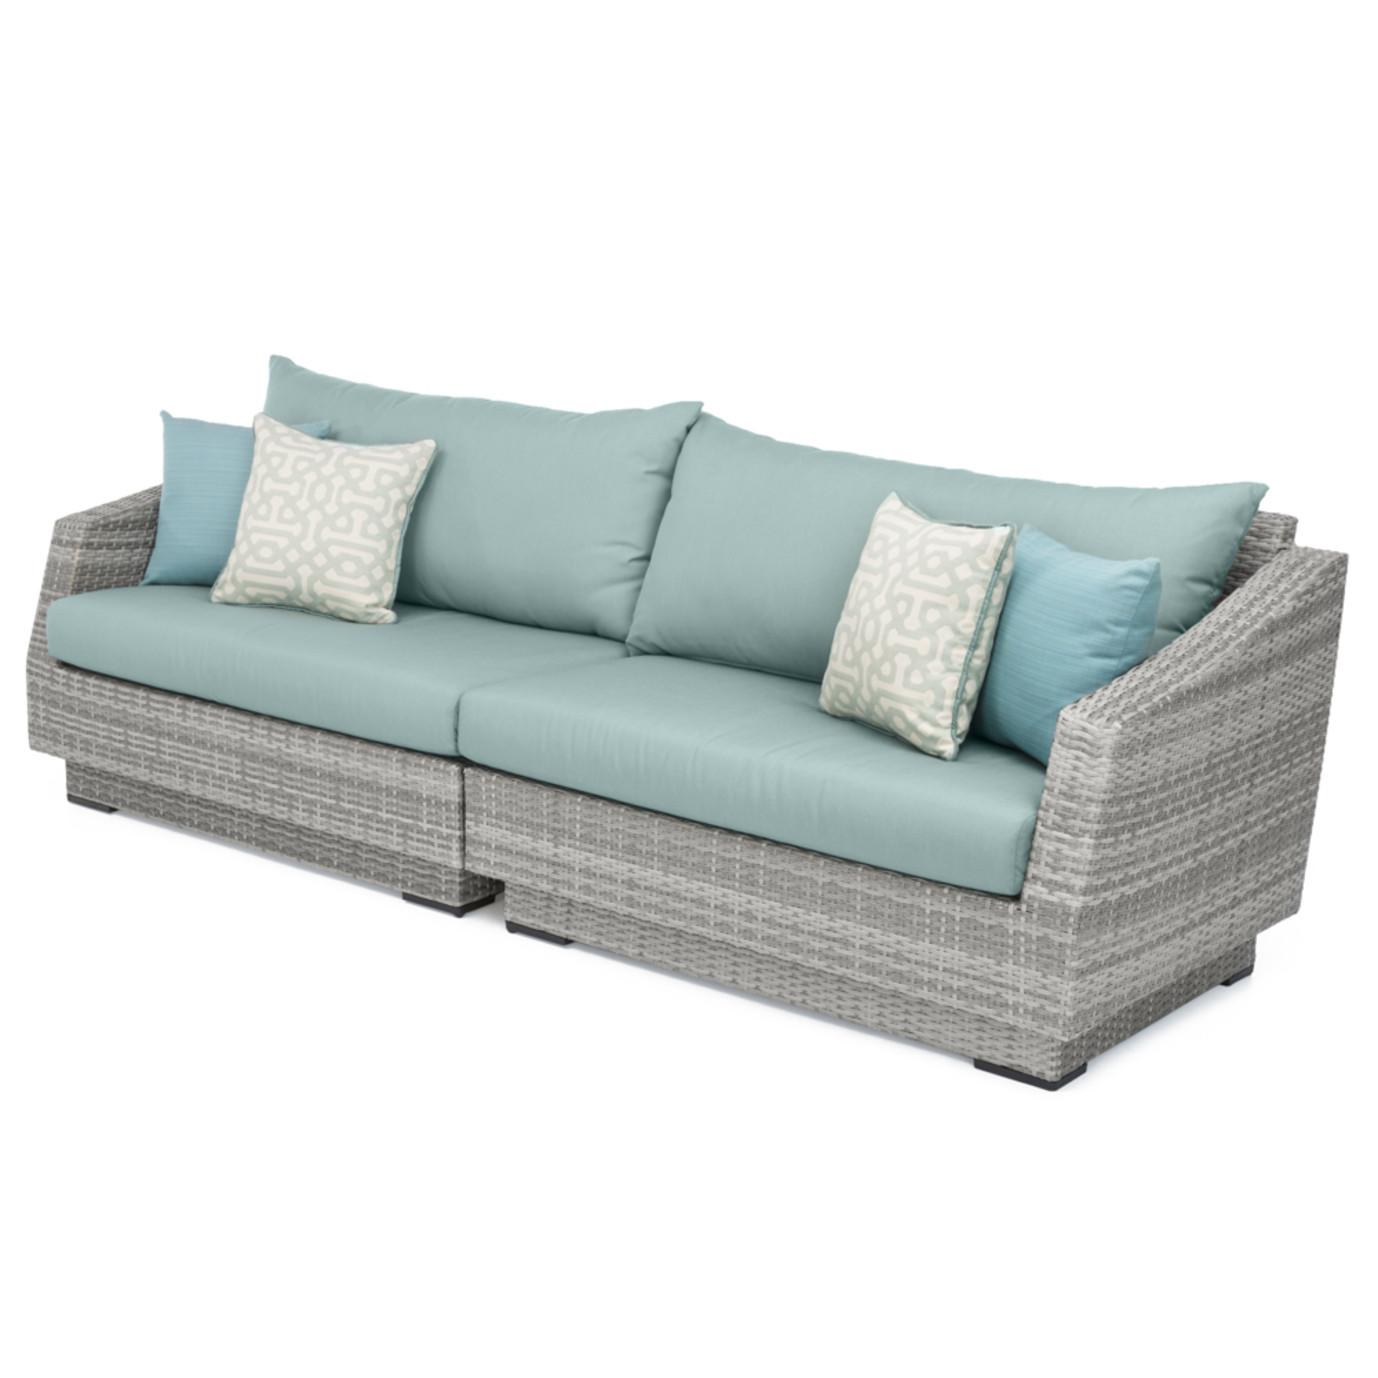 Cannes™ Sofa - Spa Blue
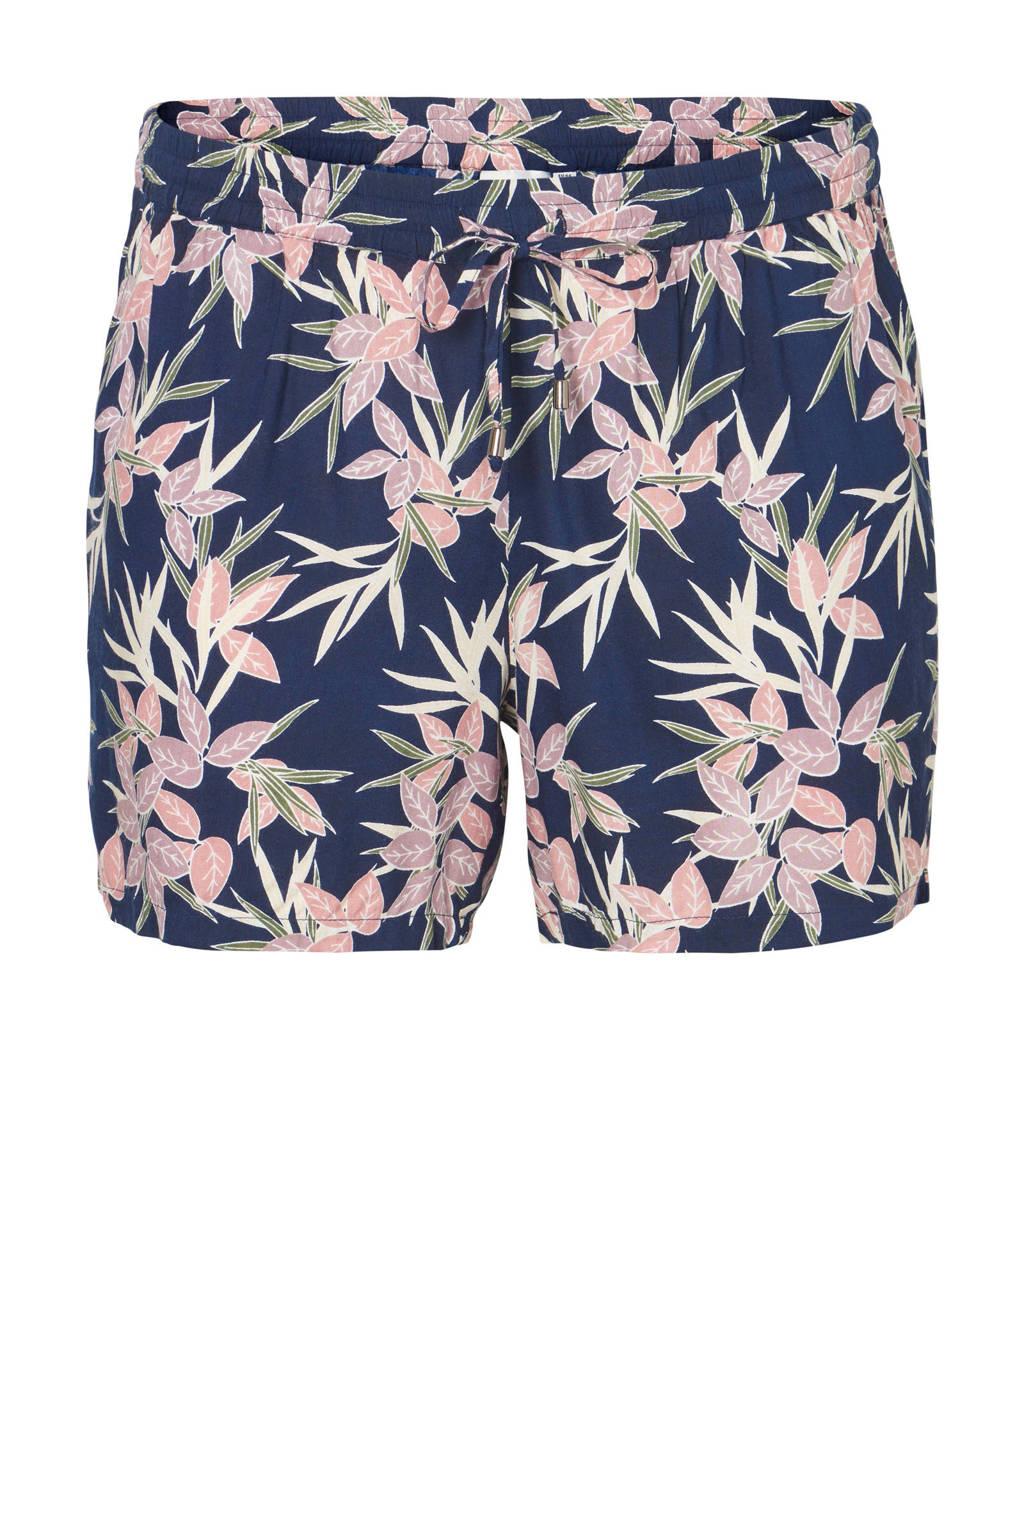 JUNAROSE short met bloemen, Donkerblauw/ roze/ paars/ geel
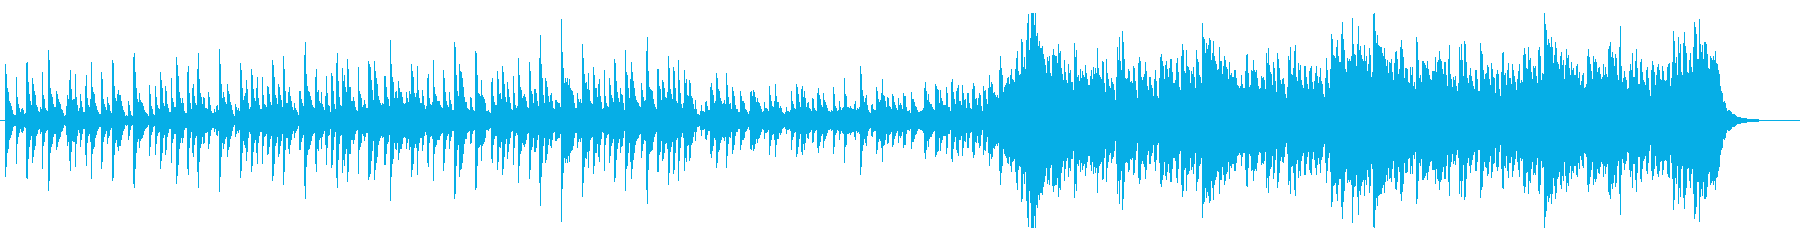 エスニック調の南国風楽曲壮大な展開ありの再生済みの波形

--

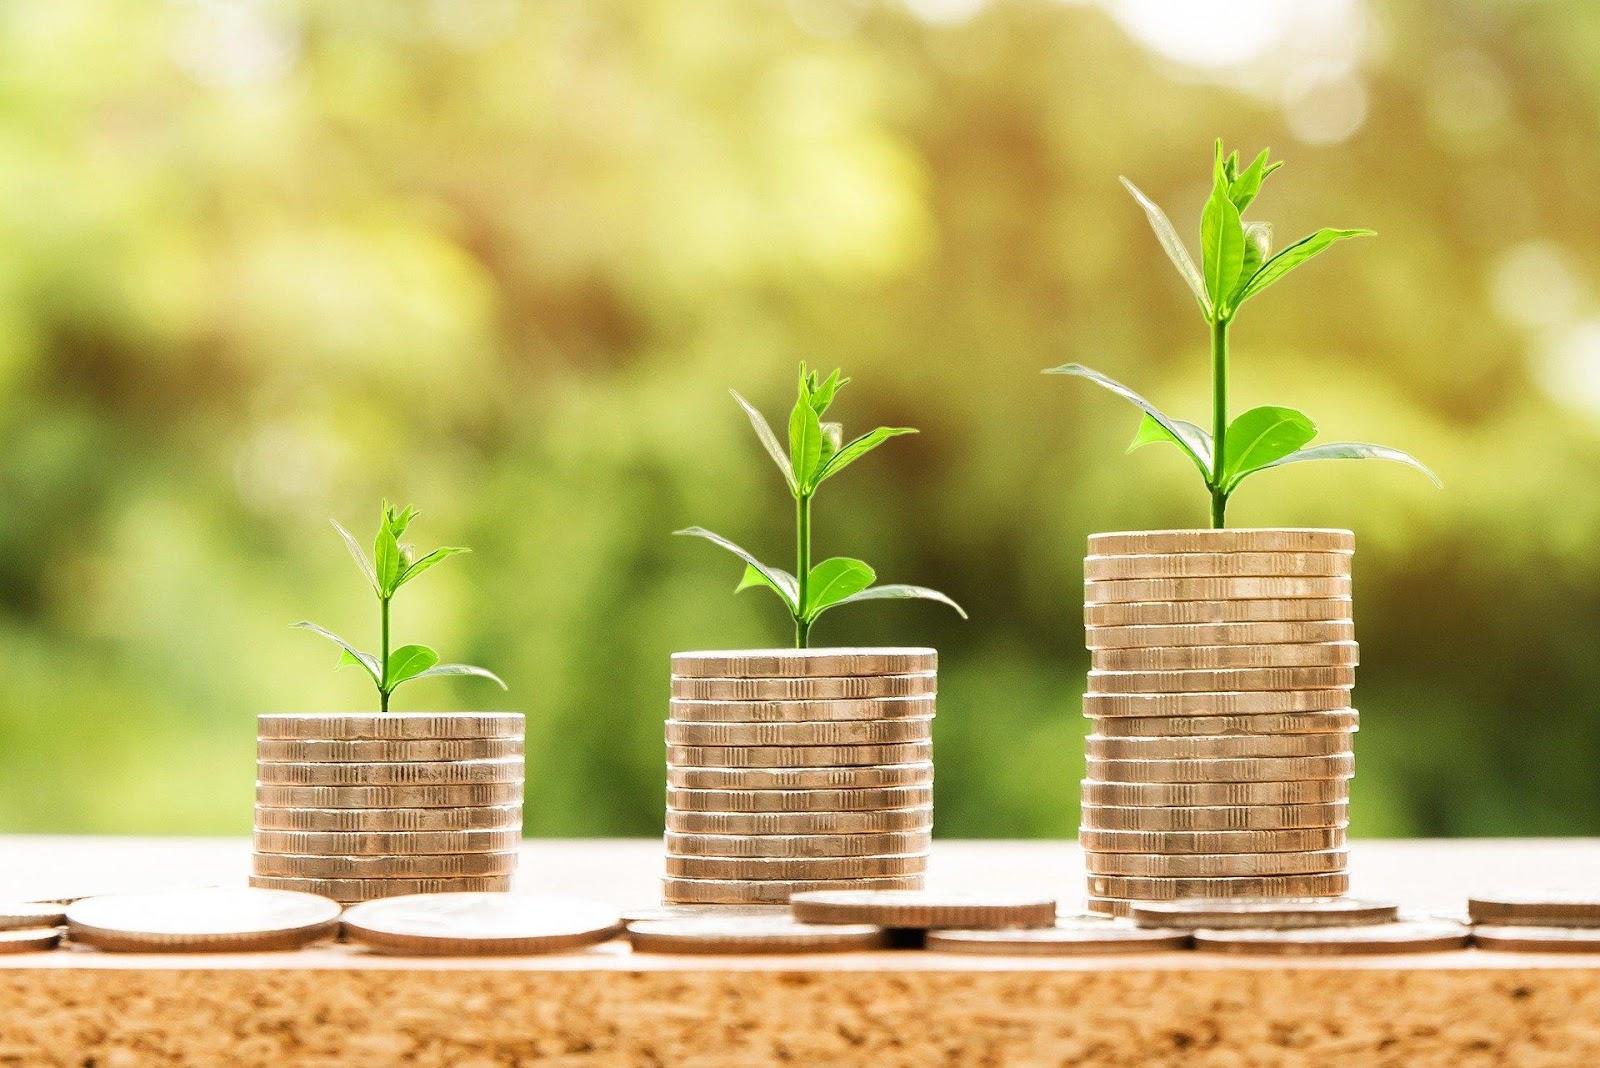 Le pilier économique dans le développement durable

---

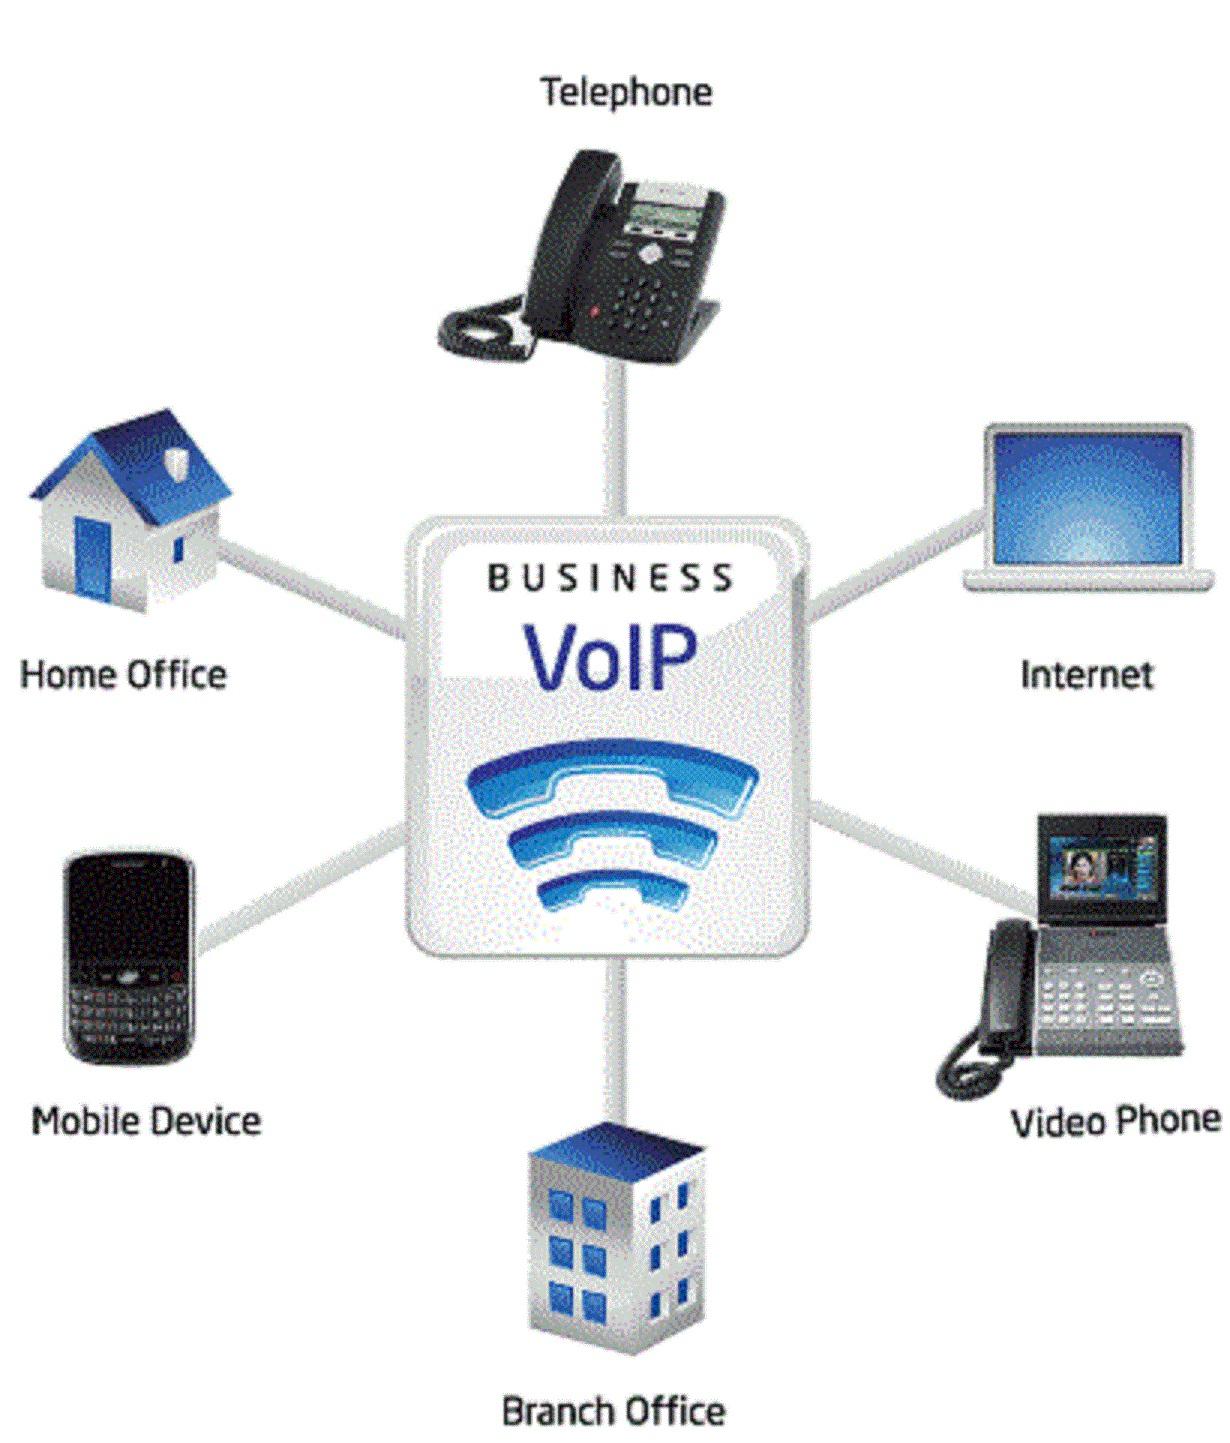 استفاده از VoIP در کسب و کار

— Task statement —
Using the data above, transcribe exactly the lines between those containing "Cannes™ Sofa - Spa Blue" and "エスニック調の南国風楽曲壮大な展開ありの再生済みの波形", inclusive, and leave every picture behind.

— Output —
 Cannes™ Sofa - Spa Blue
 JUNAROSE short met bloemen, Donkerblauw/ roze/ paars/ geel
 エスニック調の南国風楽曲壮大な展開ありの再生済みの波形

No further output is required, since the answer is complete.